If you asked me, “What are your hobbies?” I’d say this is at the top of my list. Some people scrapbook or quilt or amass rare coins, I collect stamps in my passport. Perhaps it’s my military upbringing. There’s nothing more exhilarating than dropping myself in the middle of a foreign culture and living it for a time. This requires more (well, technically, less) than a tourist’s agenda. Of course, I’ll do the touristy things: go to the museums, see the art and architecture, gawk and take photos alongside friends from Japan, Australia and Brazil—but mostly, I like to simply “be” in a place.
In Barcelona, I’m staying at a flat located in one of the residential neighborhoods off the tourist track. Forget hotels. They’re too pricey (the Euro-dollar exchange rate is murderous), and I don’t need or want a 24-hour concierge anyhow. Quite the opposite. I want a simple home away from home where I can follow the neighbors to market, pick up ham, cheese and zucchini, and eat tapas on my porch with a book. Now that’s my slice of heaven.

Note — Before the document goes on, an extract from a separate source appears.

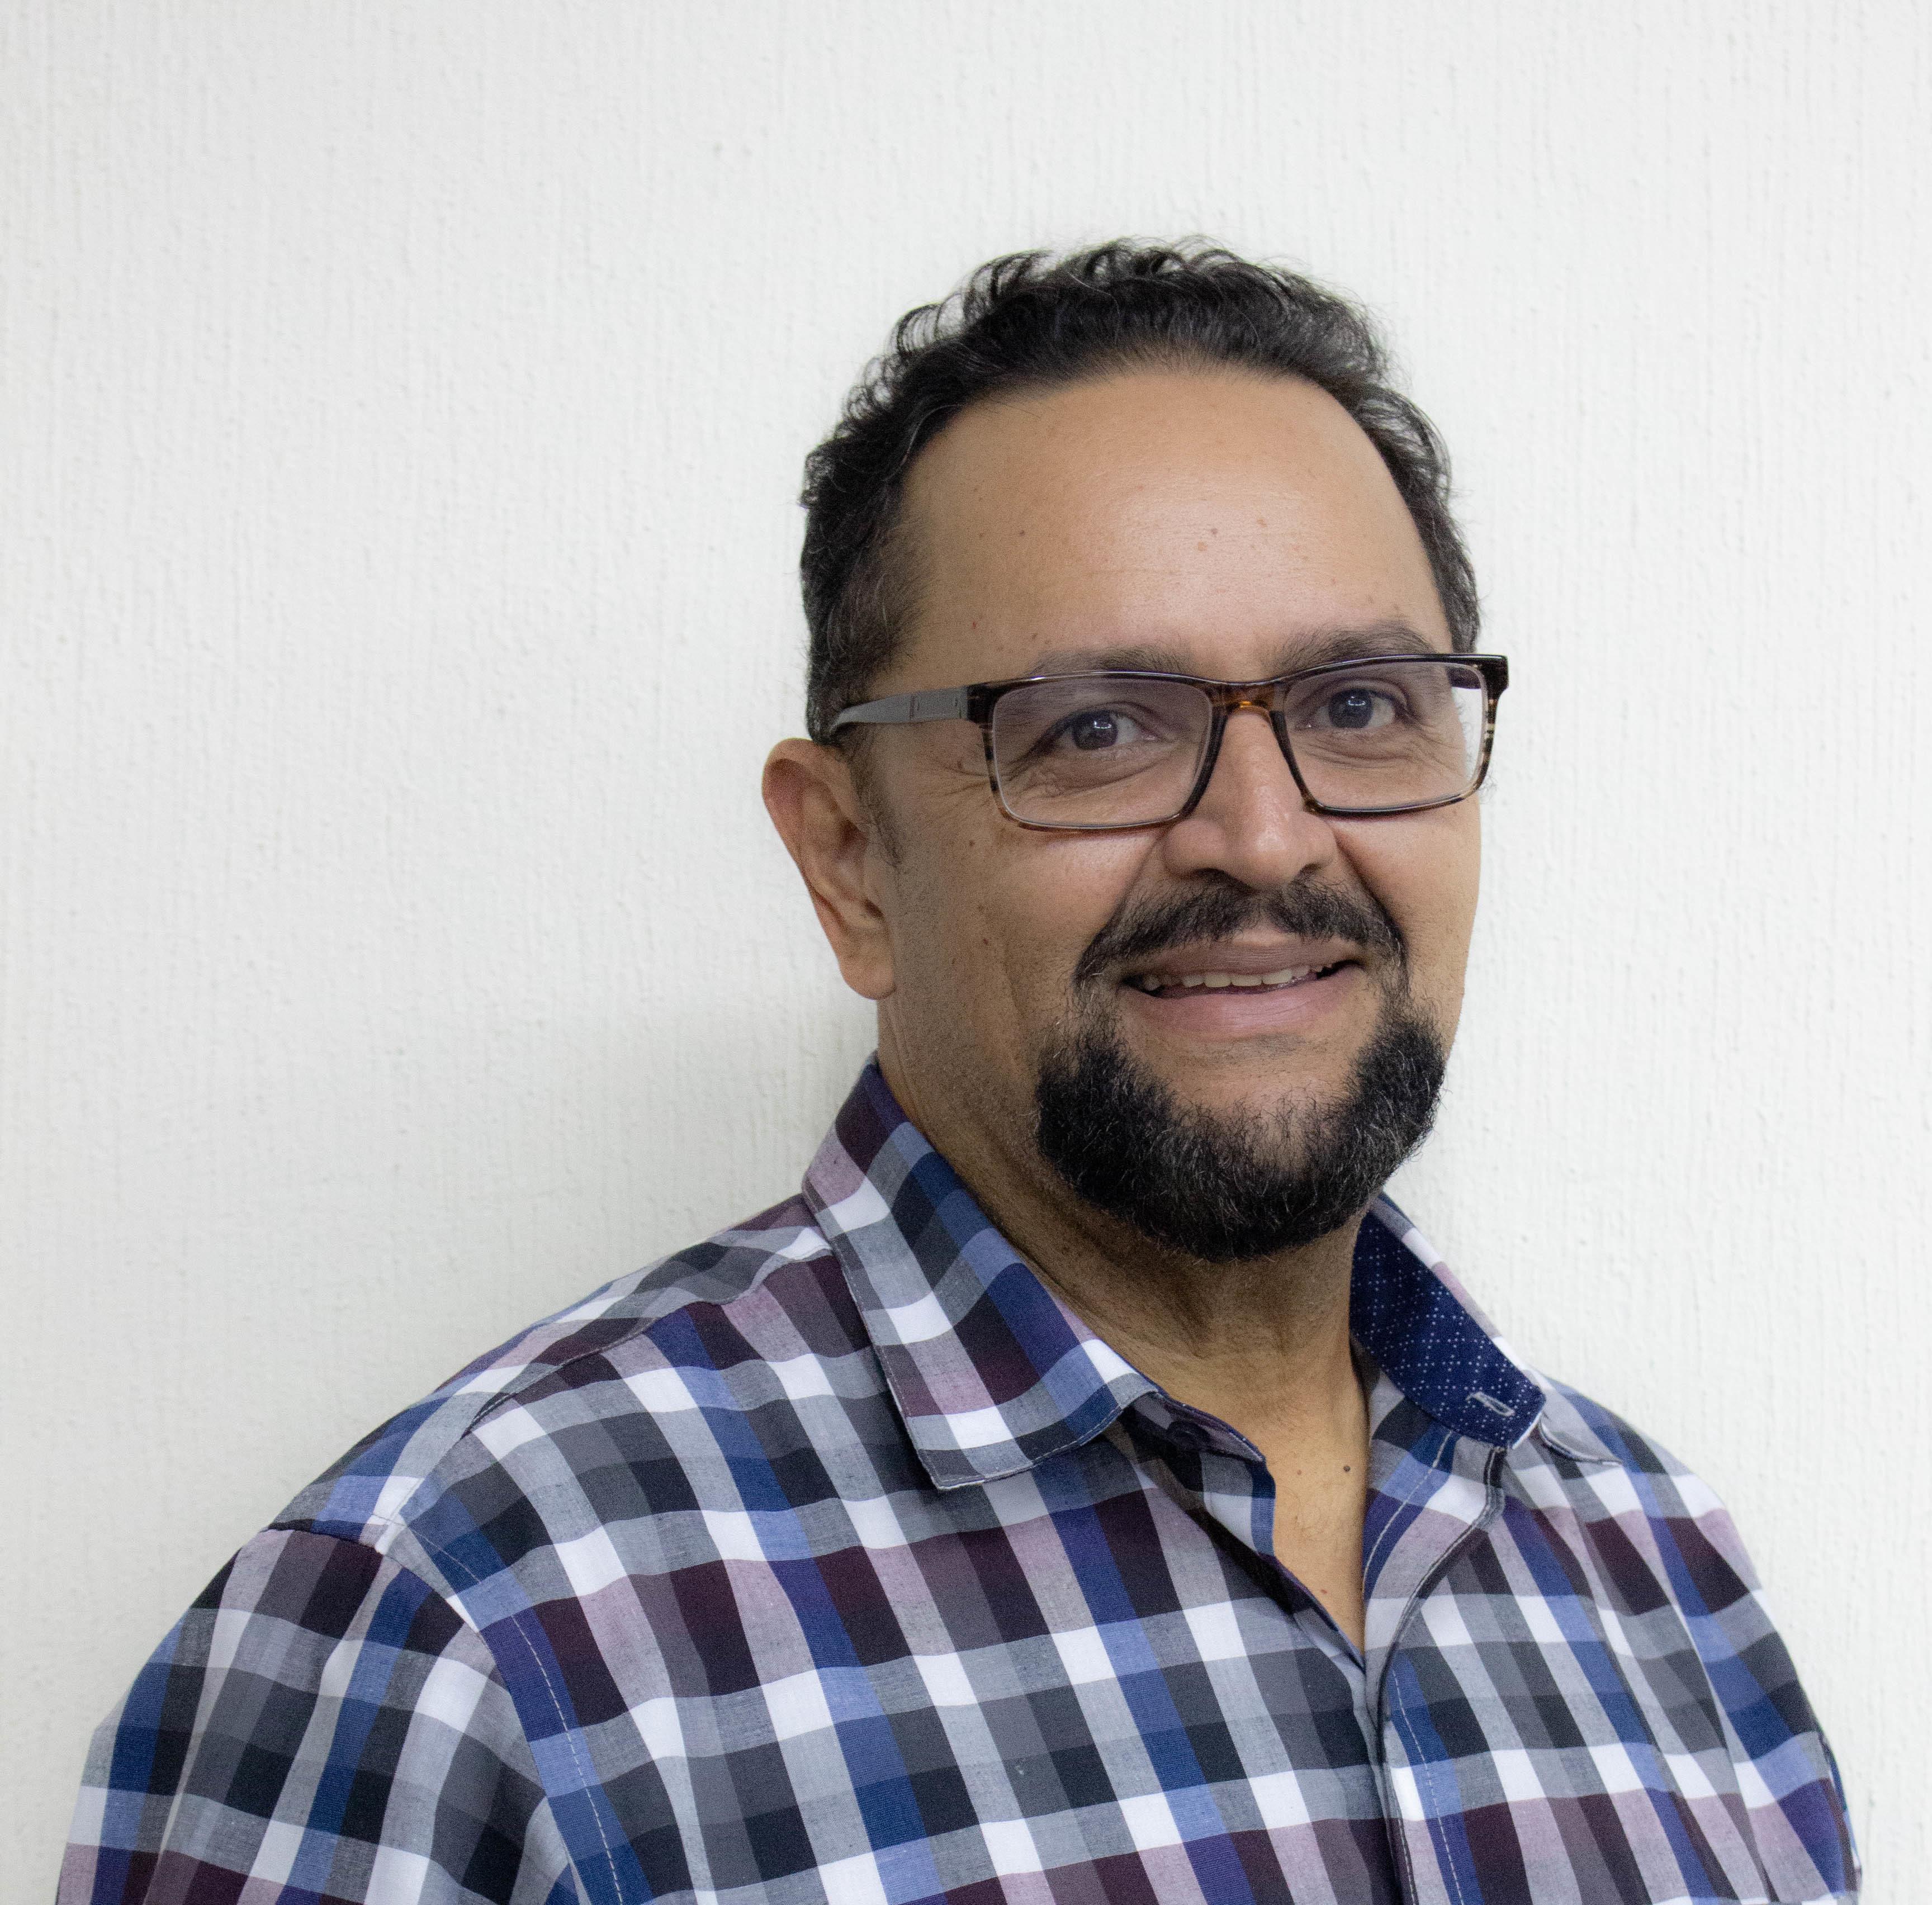 Rev. Djard Cadais Moraes

I guess you could categorize me as a mélange traveler. I like to disappear into a place and, for a little while, pretend to be somebody else. My imagination gets to play, ‘What would it be like to live here forever? What if my name wasn’t Sarah but Sarita, and I was weaned on cups of creamy cortado?’ I get to dream, read, and write. It’s my cultural spa.
If life and work permit, I try to stay long enough to feel homesick. When I begin dreaming of reality—my old chair and desk, my chipped coffee mug, my dry desert vista—then I know it’s time to go home. I return with great appreciation and gratitude for all my home comforts. It’s the traditional mind-body journey: you go, you experience, and you return with new insights. The natural cycle of discovery—be it physical or mental/emotional.
So all my bags are packed. I’m ready to go. I always begin the adventure with no expectations. It’s a rule of mine. I don’t dream or try to imagine anything about the place. I hold off. Pleasure delay. That way when I arrive, every turn is a surprise.
I’ll blog again when I’m back from España. Olé olé!
Yours truly, Sarah
P.S. I’m bringing 4 books with me. Two hard copies and two e-books. I’m an equal opportunitist. Hopefully, they’ll sustain me through the trip. If not, I have been known to track down local independent bookstores. When I was a teenager, I bought a Danielle Steel from Shakespeare and Company in Paris. It was the only book in English I could find, and I was sooooo desperate. Yep, I’m a book nerd. Loud and proud.